In this text, we will call the deep neural network that is used to represent the interatomic interactions (Deep Potential) the model. The typical procedure of using DeePMD-kit is

  1. Prepare data
  2. Train a model
  3. Freeze the model
  4. MD runs with the model (Native MD code or Lammps)

Prepare data

One needs to provide the following information to train a model: the atom type, the simulation box, the atom coordinate, the atom force, system energy and virial. A snapshot of a system that contains these information is called a frame. We use the following convention of units:

Property Unit
Time ps
Length A
Energy eV
Force eV/A
Pressure Bar

The frames of the system are stored in two formats. A raw file is a plain text file with each information item written in one file and one frame written on one line. The default files that provide box, coordinate, force, energy and virial are box.raw, coord.raw, force.raw, energy.raw and virial.raw, respectively. We recommend you use these file names.

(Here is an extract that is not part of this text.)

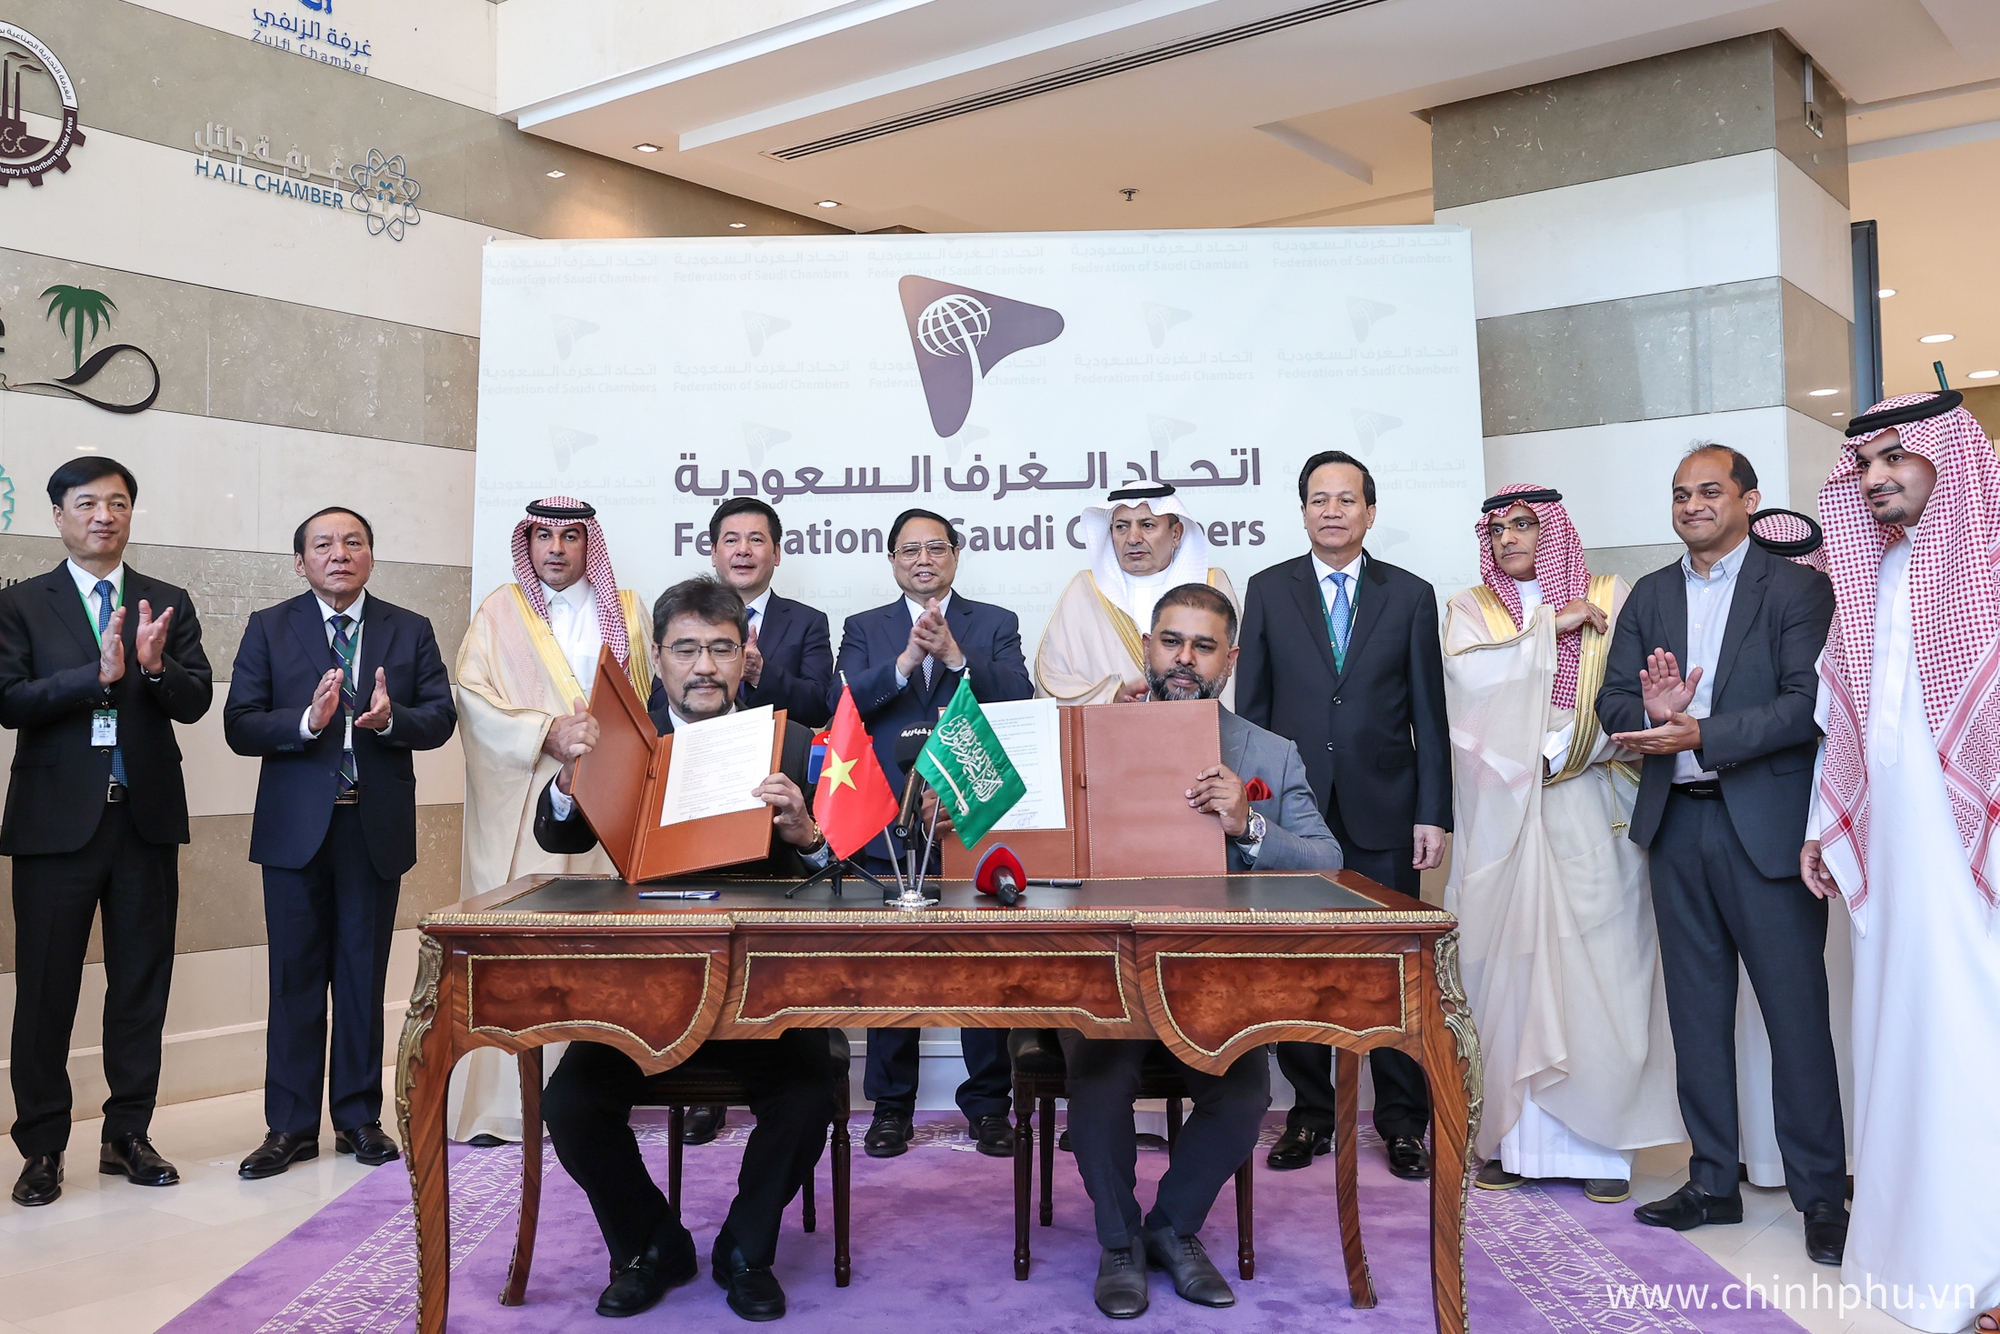 Thủ tướng chứng kiến lễ ký kết biên bản ghi nhớ hợp tác giữa các liên đoàn, công ty, cơ quan của Việt Nam và Saudi Arabia - Ảnh: VGP/Nhật Bắc

Here is an example of force.raw:

$ cat force.raw
-0.724  2.039 -0.951  0.841 -0.464  0.363
 6.737  1.554 -5.587 -2.803  0.062  2.222
-1.968 -0.163  1.020 -0.225 -0.789  0.343

This force.raw contains 3 frames with each frame having the forces of 2 atoms, thus it has 3 lines and 6 columns. Each line provides all the 3 force components of 2 atoms in 1 frame. The first three numbers are the 3 force components of the first atom, while the second three numbers are the 3 force components of the second atom. The coordinate file coord.raw is organized similarly. In box.raw, the 9 components of the box vectors should be provided on each line. In virial.raw, the 9 components of the virial tensor should be provided on each line. The number of lines of all raw files should be identical.

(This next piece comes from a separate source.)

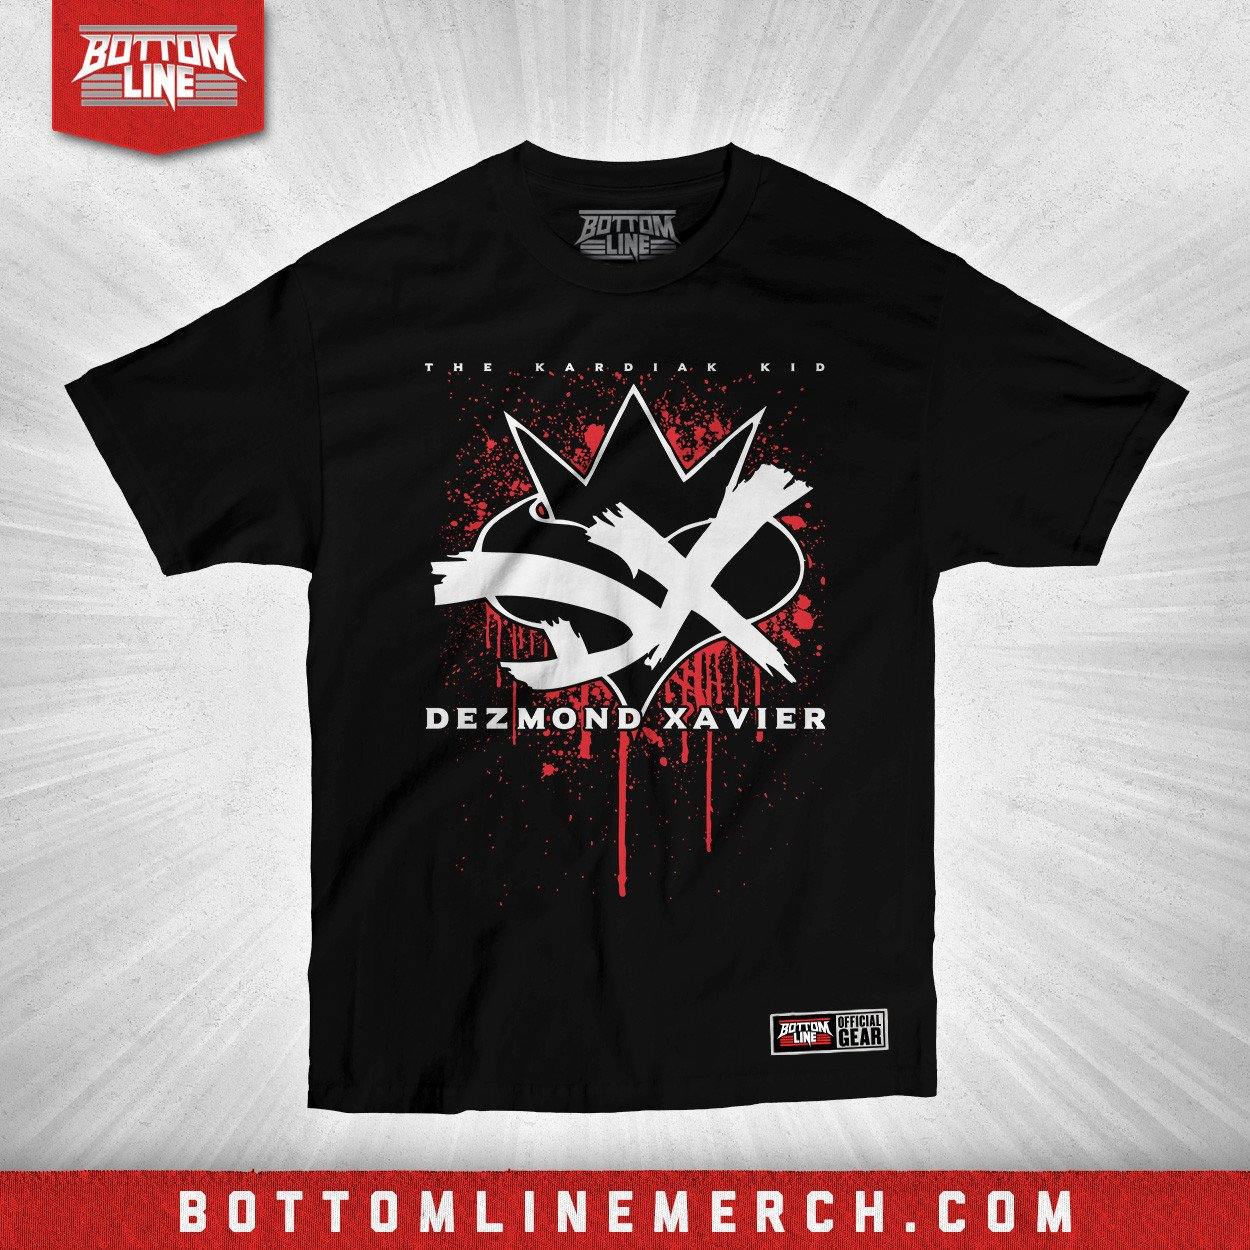 Buy Now – Dezmond Xavier "Bleeding Heart" Shirt – Wrestler & Wrestling Merch – Bottom Line

We assume that the atom types do not change in all frames. It is provide by type.raw, which has one line with the types of atoms written one by one. The atom types should be integers.

The second format is the data sets of numpy binary data that are directly used by the training program. User can use the script $deepmd_source_dir/data/raw/raw_to_set.sh to convert the prepared raw files to data sets. For example, if we have raw files that contains 6000 frames,

$ ls 
box.raw  coord.raw  energy.raw  force.raw  type.raw  virial.raw
$ $deepmd_source_dir/data/raw/raw_to_set.sh 2000
nframe is 6000
nline per set is 2000
will make 3 sets
making set 0 ...
making set 1 ...
making set 2 ...
$ ls 
box.raw  coord.raw  energy.raw  force.raw  set.000  set.001  set.002  type.raw  virial.raw

It generates two sets set.000, set.001 and set.002, with each set contains 2000 frames. The last set (set.002) is used as testing set, while the rest sets (set.000 and set.001) are used as training sets. One do not need to take care the binary data files in each of the set.* directories. The path containing set.* and type.raw is called a system.

Train a model

The standard DeePMD model

The method of training is explained in our DeePMD paper. With the source code we provide a small training dataset taken from 400 frames generated by NVT ab-initio water MD trajectory with 300 frames for training and 100 for testing. An example training parameter file is provided. One can try with the training by

$ cd $deepmd_source_dir/examples/train/
$ $deepmd_root/bin/dp_train water.json

$deepmd_root/bin/dp_train is the training program, and water.json is the json format parameter file that controls the training. The components of the water.json are

{
    "_comment": " model parameters",
    "use_smooth":	false,
    "sel_a":		[16, 32],
    "sel_r":		[30, 60],
    "rcut":		6.00,
    "axis_rule":	[0, 1, 0, 0, 1, 1, 0, 0, 0, 0, 1, 0],
    "_comment":	" default rule: []",
    "_comment":	" user defined rule: for each type provides two axes, ",
    "_comment":	"                    for each axis: (a_or_r, type, idx)",
    "_comment":	"                    if type < 0, exclude type -(type+1)",
    "_comment": "                    for water (O:0, H:1) it can be",
    "_comment": "                    [0, 1, 0, 0, 1, 1, 0, 0, 0, 0, 1, 0]",
    "n_neuron":		[240, 120, 60, 30, 10],

    "_comment": " training controls",
    "systems":		["../data/water/"],
    "set_prefix":	"set",    
    "stop_batch":	1000000,
    "batch_size":	4,
    "start_lr":		0.001,
    "decay_steps":	5000,
    "decay_rate":	0.95,

    "start_pref_e":	0.02,
    "limit_pref_e":	8,
    "start_pref_f":	1000,
    "limit_pref_f":	1,
    "start_pref_v":	0,
    "limit_pref_v":	0,

    "seed":		1,

    "_comment": " display and restart",
    "_comment": " frequencies counted in batch",
    "disp_file":	"lcurve.out",
    "disp_freq":	100,
    "numb_test":	100,
    "save_freq":	100,
    "save_ckpt":	"model.ckpt",
    "load_ckpt":	"model.ckpt",
    "disp_training":	true,
    "time_training":	true,

    "_comment":		"that's all"
}

The option rcut is the cut-off radius for neighbor searching. The sel_a and sel_r are the maximum selected numbers of fully-local-coordinate and radial-only-coordinate atoms from the neighbor list, respectively. sel_a + sel_r should larger than the maximum possible number of neighbors in the cut-off radius. sel_a and sel_r are vectors, the length of the vectors are same as the number of atom types in the system. sel_a[i] and sel_r[i] denote the selected number of neighbors of type i.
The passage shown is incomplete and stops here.